# About this exercise:
Please write out all of the records below exactly as they appear.

# Input:

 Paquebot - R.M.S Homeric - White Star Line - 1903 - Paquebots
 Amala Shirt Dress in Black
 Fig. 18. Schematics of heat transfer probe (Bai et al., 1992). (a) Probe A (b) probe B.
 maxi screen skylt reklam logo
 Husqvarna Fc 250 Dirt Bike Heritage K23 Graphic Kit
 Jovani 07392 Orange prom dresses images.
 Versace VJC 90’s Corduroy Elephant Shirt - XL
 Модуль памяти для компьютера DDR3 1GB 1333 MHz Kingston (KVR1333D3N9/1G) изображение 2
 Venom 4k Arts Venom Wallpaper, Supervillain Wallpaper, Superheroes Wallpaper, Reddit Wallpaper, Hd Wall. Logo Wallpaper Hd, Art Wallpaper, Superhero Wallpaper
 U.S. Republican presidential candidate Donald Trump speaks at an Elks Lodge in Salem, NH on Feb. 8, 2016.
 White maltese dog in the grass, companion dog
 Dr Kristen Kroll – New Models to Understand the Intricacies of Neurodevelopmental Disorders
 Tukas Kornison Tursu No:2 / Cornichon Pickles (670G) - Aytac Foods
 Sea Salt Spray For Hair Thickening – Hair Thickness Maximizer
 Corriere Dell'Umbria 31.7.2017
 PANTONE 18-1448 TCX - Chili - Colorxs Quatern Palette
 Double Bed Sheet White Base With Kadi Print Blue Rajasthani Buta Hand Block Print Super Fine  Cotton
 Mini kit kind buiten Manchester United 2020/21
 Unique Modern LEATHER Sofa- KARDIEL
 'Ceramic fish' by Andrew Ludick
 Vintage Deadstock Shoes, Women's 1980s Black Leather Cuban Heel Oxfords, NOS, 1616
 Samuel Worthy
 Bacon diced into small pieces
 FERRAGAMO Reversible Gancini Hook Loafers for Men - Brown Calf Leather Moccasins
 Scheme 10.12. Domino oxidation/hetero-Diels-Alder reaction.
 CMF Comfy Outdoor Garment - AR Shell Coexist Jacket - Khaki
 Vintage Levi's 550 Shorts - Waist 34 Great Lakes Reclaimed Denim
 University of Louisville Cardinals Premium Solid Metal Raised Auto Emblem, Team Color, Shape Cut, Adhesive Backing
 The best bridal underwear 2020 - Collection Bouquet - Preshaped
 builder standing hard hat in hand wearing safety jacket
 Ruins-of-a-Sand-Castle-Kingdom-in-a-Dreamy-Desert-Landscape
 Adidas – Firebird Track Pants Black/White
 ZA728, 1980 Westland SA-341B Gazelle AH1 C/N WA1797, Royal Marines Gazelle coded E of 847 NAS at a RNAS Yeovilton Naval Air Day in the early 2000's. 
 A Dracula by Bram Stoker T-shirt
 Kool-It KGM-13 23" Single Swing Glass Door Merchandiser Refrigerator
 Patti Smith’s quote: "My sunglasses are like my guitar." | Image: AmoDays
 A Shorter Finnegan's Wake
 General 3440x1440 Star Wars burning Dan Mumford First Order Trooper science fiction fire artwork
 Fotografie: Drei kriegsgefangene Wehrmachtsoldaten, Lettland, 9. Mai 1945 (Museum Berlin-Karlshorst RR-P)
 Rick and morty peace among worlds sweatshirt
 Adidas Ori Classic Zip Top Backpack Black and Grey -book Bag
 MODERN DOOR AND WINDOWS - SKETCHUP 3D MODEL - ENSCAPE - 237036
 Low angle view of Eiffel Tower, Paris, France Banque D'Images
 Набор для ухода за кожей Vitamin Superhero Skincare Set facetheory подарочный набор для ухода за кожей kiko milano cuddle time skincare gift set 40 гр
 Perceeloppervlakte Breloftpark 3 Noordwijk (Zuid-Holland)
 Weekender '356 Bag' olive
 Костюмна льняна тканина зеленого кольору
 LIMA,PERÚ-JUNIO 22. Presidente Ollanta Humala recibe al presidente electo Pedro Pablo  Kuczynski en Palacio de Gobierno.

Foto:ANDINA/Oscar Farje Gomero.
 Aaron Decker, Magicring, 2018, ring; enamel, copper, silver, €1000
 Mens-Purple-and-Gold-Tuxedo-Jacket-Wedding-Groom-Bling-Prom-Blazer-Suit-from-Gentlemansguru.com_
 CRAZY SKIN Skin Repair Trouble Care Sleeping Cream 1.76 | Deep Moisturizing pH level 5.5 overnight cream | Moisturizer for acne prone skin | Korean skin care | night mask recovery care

# Written answer:
 Paquebot - R.M.S Homeric - White Star Line - 1903 - Paquebots
 Amala Shirt Dress in Black
 Fig. 18. Schematics of heat transfer probe (Bai et al., 1992). (a) Probe A (b) probe B.
 maxi screen skylt reklam logo
 Husqvarna Fc 250 Dirt Bike Heritage K23 Graphic Kit
 Jovani 07392 Orange prom dresses images.
 Versace VJC 90’s Corduroy Elephant Shirt - XL
 Модуль памяти для компьютера DDR3 1GB 1333 MHz Kingston (KVR1333D3N9/1G) изображение 2
 Venom 4k Arts Venom Wallpaper, Supervillain Wallpaper, Superheroes Wallpaper, Reddit Wallpaper, Hd Wall. Logo Wallpaper Hd, Art Wallpaper, Superhero Wallpaper
 U.S. Republican presidential candidate Donald Trump speaks at an Elks Lodge in Salem, NH on Feb. 8, 2016.
 White maltese dog in the grass, companion dog
 Dr Kristen Kroll – New Models to Understand the Intricacies of Neurodevelopmental Disorders
 Tukas Kornison Tursu No:2 / Cornichon Pickles (670G) - Aytac Foods
 Sea Salt Spray For Hair Thickening – Hair Thickness Maximizer
 Corriere Dell'Umbria 31.7.2017
 PANTONE 18-1448 TCX - Chili - Colorxs Quatern Palette
 Double Bed Sheet White Base With Kadi Print Blue Rajasthani Buta Hand Block Print Super Fine  Cotton
 Mini kit kind buiten Manchester United 2020/21
 Unique Modern LEATHER Sofa- KARDIEL
 'Ceramic fish' by Andrew Ludick
 Vintage Deadstock Shoes, Women's 1980s Black Leather Cuban Heel Oxfords, NOS, 1616
 Samuel Worthy
 Bacon diced into small pieces
 FERRAGAMO Reversible Gancini Hook Loafers for Men - Brown Calf Leather Moccasins
 Scheme 10.12. Domino oxidation/hetero-Diels-Alder reaction.
 CMF Comfy Outdoor Garment - AR Shell Coexist Jacket - Khaki
 Vintage Levi's 550 Shorts - Waist 34 Great Lakes Reclaimed Denim
 University of Louisville Cardinals Premium Solid Metal Raised Auto Emblem, Team Color, Shape Cut, Adhesive Backing
 The best bridal underwear 2020 - Collection Bouquet - Preshaped
 builder standing hard hat in hand wearing safety jacket
 Ruins-of-a-Sand-Castle-Kingdom-in-a-Dreamy-Desert-Landscape
 Adidas – Firebird Track Pants Black/White
 ZA728, 1980 Westland SA-341B Gazelle AH1 C/N WA1797, Royal Marines Gazelle coded E of 847 NAS at a RNAS Yeovilton Naval Air Day in the early 2000's. 
 A Dracula by Bram Stoker T-shirt
 Kool-It KGM-13 23" Single Swing Glass Door Merchandiser Refrigerator
 Patti Smith’s quote: "My sunglasses are like my guitar." | Image: AmoDays
 A Shorter Finnegan's Wake
 General 3440x1440 Star Wars burning Dan Mumford First Order Trooper science fiction fire artwork
 Fotografie: Drei kriegsgefangene Wehrmachtsoldaten, Lettland, 9. Mai 1945 (Museum Berlin-Karlshorst RR-P)
 Rick and morty peace among worlds sweatshirt
 Adidas Ori Classic Zip Top Backpack Black and Grey -book Bag
 MODERN DOOR AND WINDOWS - SKETCHUP 3D MODEL - ENSCAPE - 237036
 Low angle view of Eiffel Tower, Paris, France Banque D'Images
 Набор для ухода за кожей Vitamin Superhero Skincare Set facetheory подарочный набор для ухода за кожей kiko milano cuddle time skincare gift set 40 гр
 Perceeloppervlakte Breloftpark 3 Noordwijk (Zuid-Holland)
 Weekender '356 Bag' olive
 Костюмна льняна тканина зеленого кольору
 LIMA,PERÚ-JUNIO 22. Presidente Ollanta Humala recibe al presidente electo Pedro Pablo  Kuczynski en Palacio de Gobierno.

Foto:ANDINA/Oscar Farje Gomero.
 Aaron Decker, Magicring, 2018, ring; enamel, copper, silver, €1000
 Mens-Purple-and-Gold-Tuxedo-Jacket-Wedding-Groom-Bling-Prom-Blazer-Suit-from-Gentlemansguru.com_
 CRAZY SKIN Skin Repair Trouble Care Sleeping Cream 1.76 | Deep Moisturizing pH level 5.5 overnight cream | Moisturizer for acne prone skin | Korean skin care | night mask recovery care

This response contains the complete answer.